FIS3 Project FoMaSE (Foundations for Macroprogramming-based Software Engineering)
- Project title: FoMaSE (Foundations for Macroprogramming-based Software Engineering)
- Principal Investigator (PI): Roberto Casadei, PhD
- Host Institution (HI): Alma Mater Studiorum–Università di Bologna
- Total funding amount: 1.1 million €
- Duration: 5 years
- Start date: TBD (no later than May 2026)

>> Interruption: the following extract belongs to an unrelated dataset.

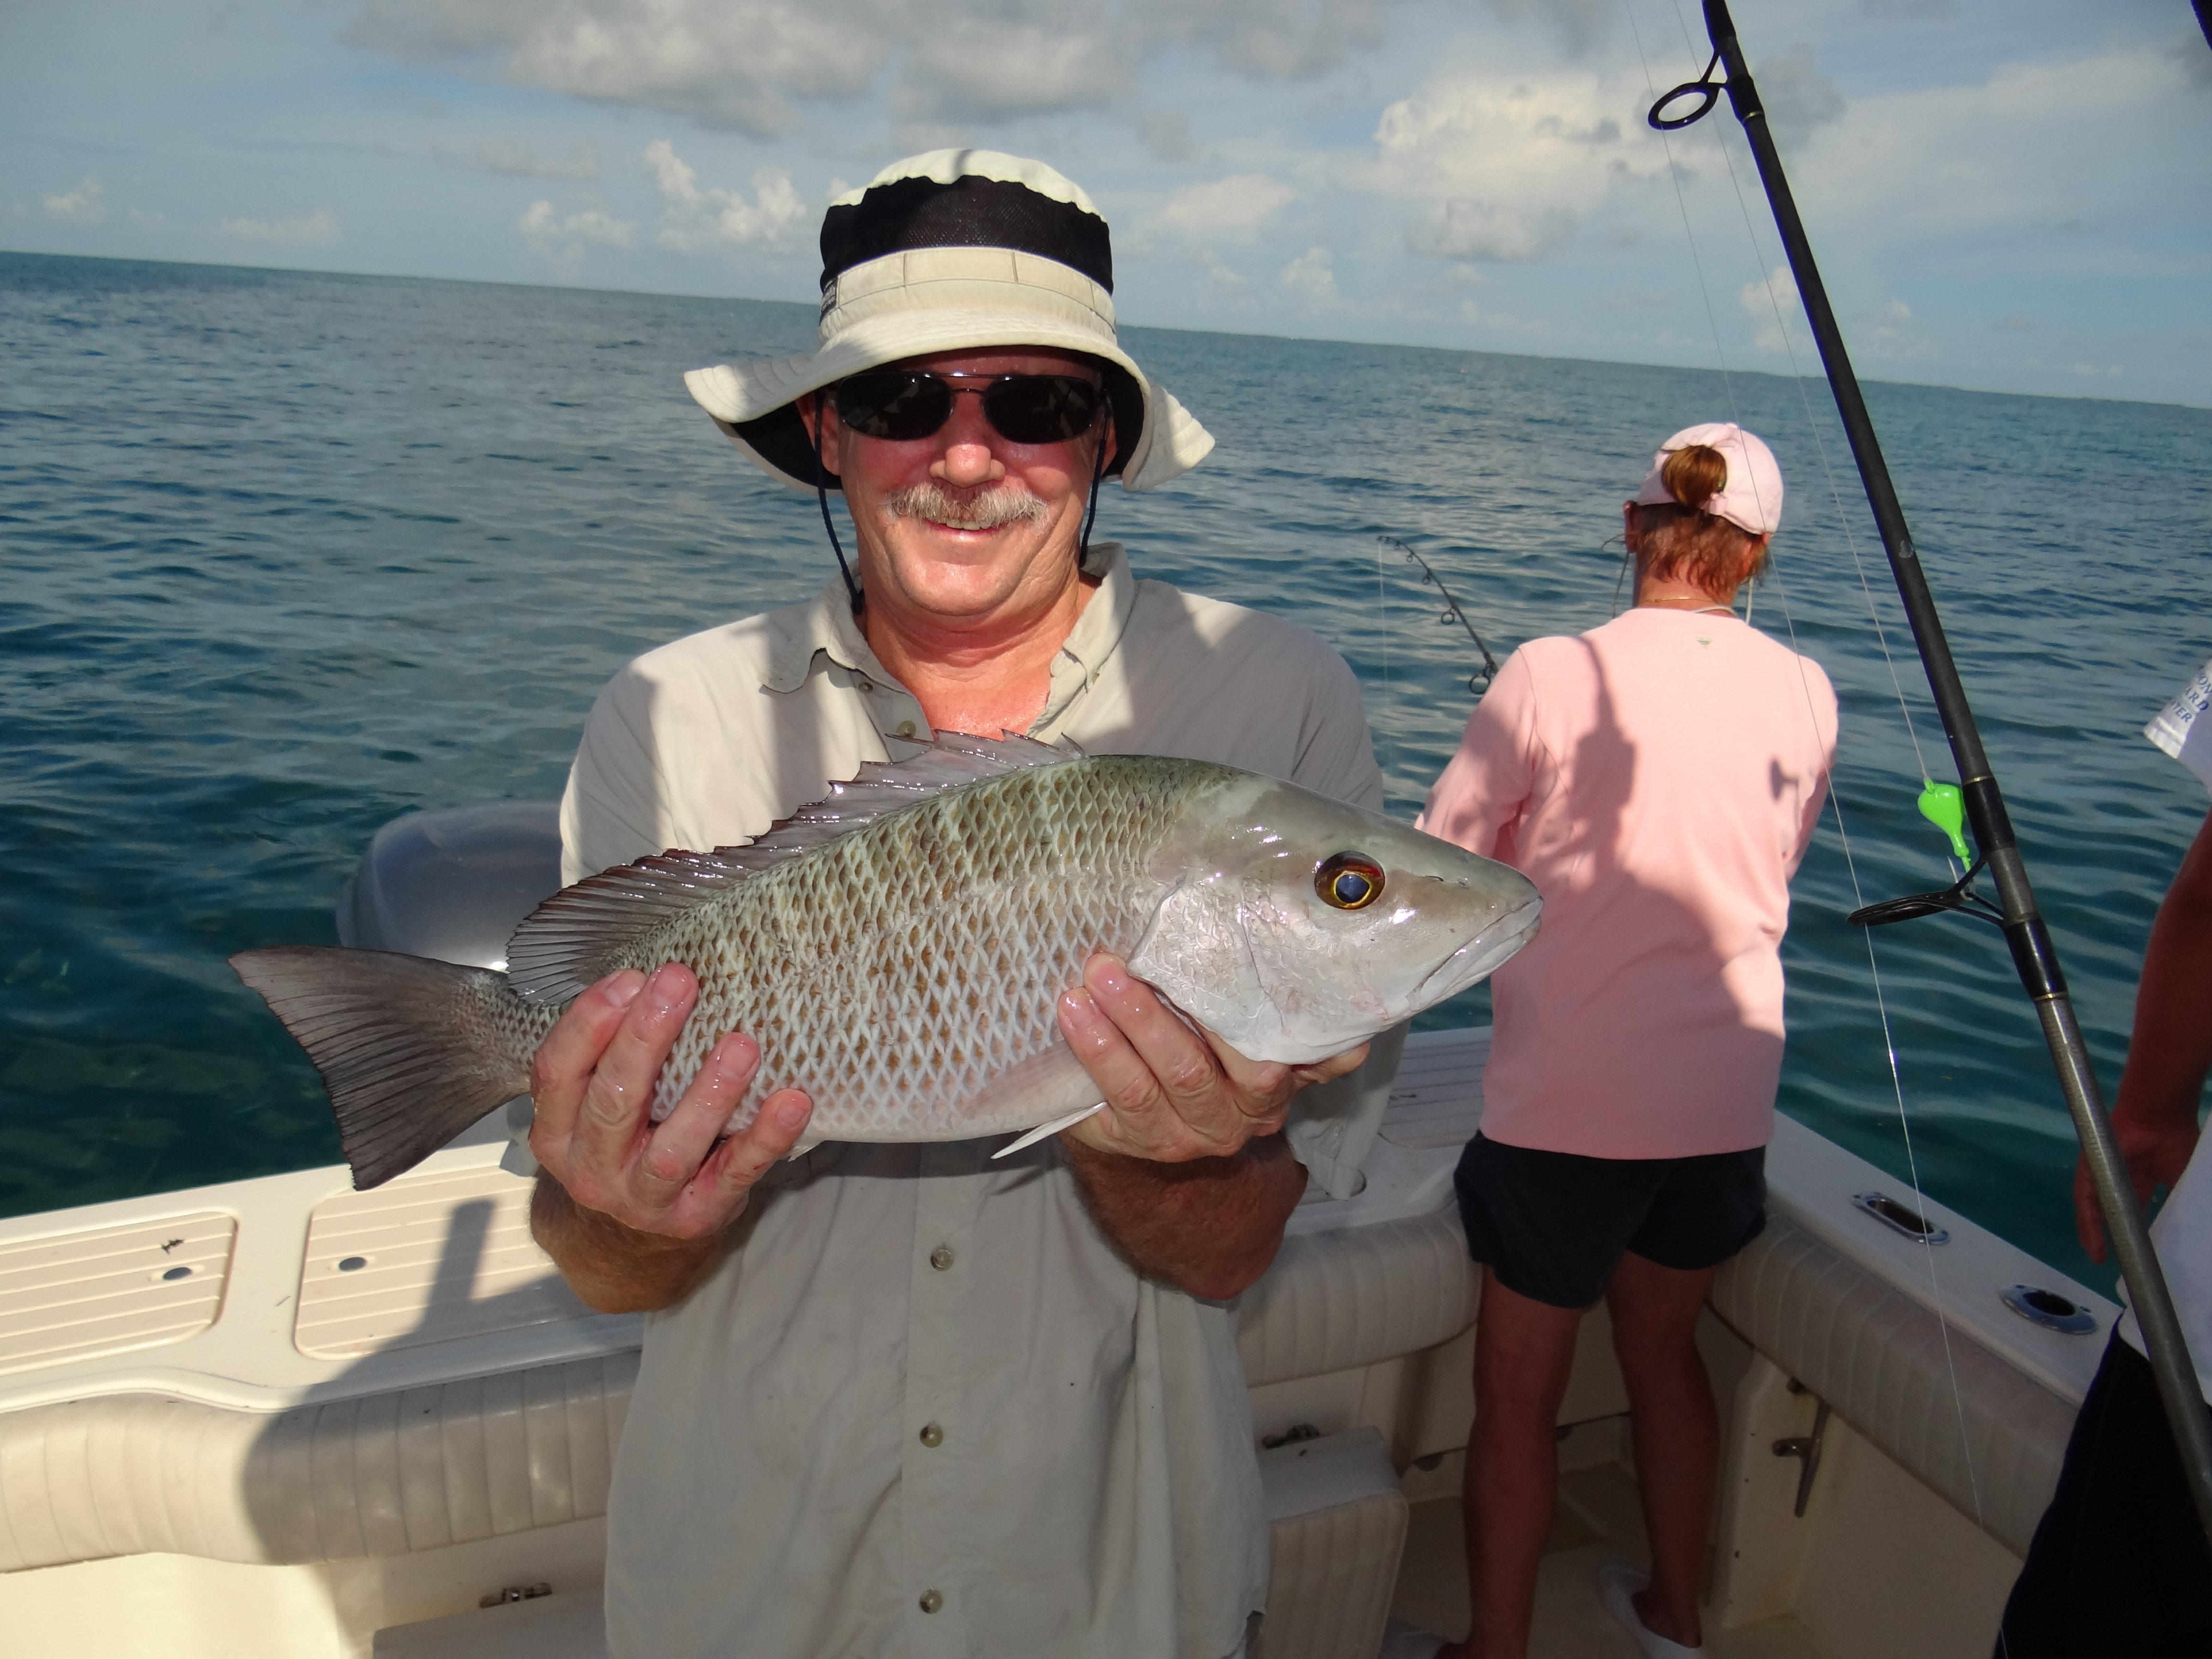 Cero mackerel seasquared charters for Fishing marathon fl

- Project website: https://fis3-fomase.github.io
- Abstract: The Foundations for Macro-programming-based Software Engineering (FoMaSE) basic research project aims to address the long-standing micro-macro link problem by the computer science and software engineering (SE) viewpoints: how to effectively engineer the software driving the micro-level computational parts of a system so that these collectively produce the designer’s intended macro-level behaviour (and how that intention could be specified)? On this, previous research on multi-agent (MAS) and collective adaptive systems (CAS) showed that domain-specific paradigms and “macro-level” abstractions (e.g., organisational, choreographical, and aggregate programming) can support analysis and development of software driving, e.g., robot swarms and Internet of Things systems. What is missing is a general theoretical and methodological framework for “macro-programming”, able to connect source code and computations to fundamental scientific principles on emergence, coarse-graining, and multi-scale dynamics, and to support systematic design of the micro-macro link. Concurrently, artificial intelligence (AI)-based methods like multi-agent reinforcement and evolutionary learning, often used for automatic design of swarm controllers, tend to suffer from issues like those on scalability, interpretability, and reward/fitness design. FoMaSE aims to fill these crucial gaps, by linking recent insights from physics on the discovery of emergent phenomena to the realm of programming languages and SE, and exploiting coarse-grained “macro-programs” to mitigate issues in AI-based design. Specifically, FoMaSE aims to provide: (i) novel formalisations of collective computation and macro-programming; (ii) innovative scalable methods for testing and analysis of software systems exhibiting emergent multi-scale dynamics; (iii) integrative macro-programming languages and hybrid AI-based methods supporting understanding, development, interpretability, and validation of the target micro-macro link. Conceptual and methodological tools emerging from FoMaSE are expected to open new research directions on “software engineering for multi-scale dynamics and artificial collective intelligence”, fostering a virtuous cross-disciplinary synergy among SE, computer, and complex systems science.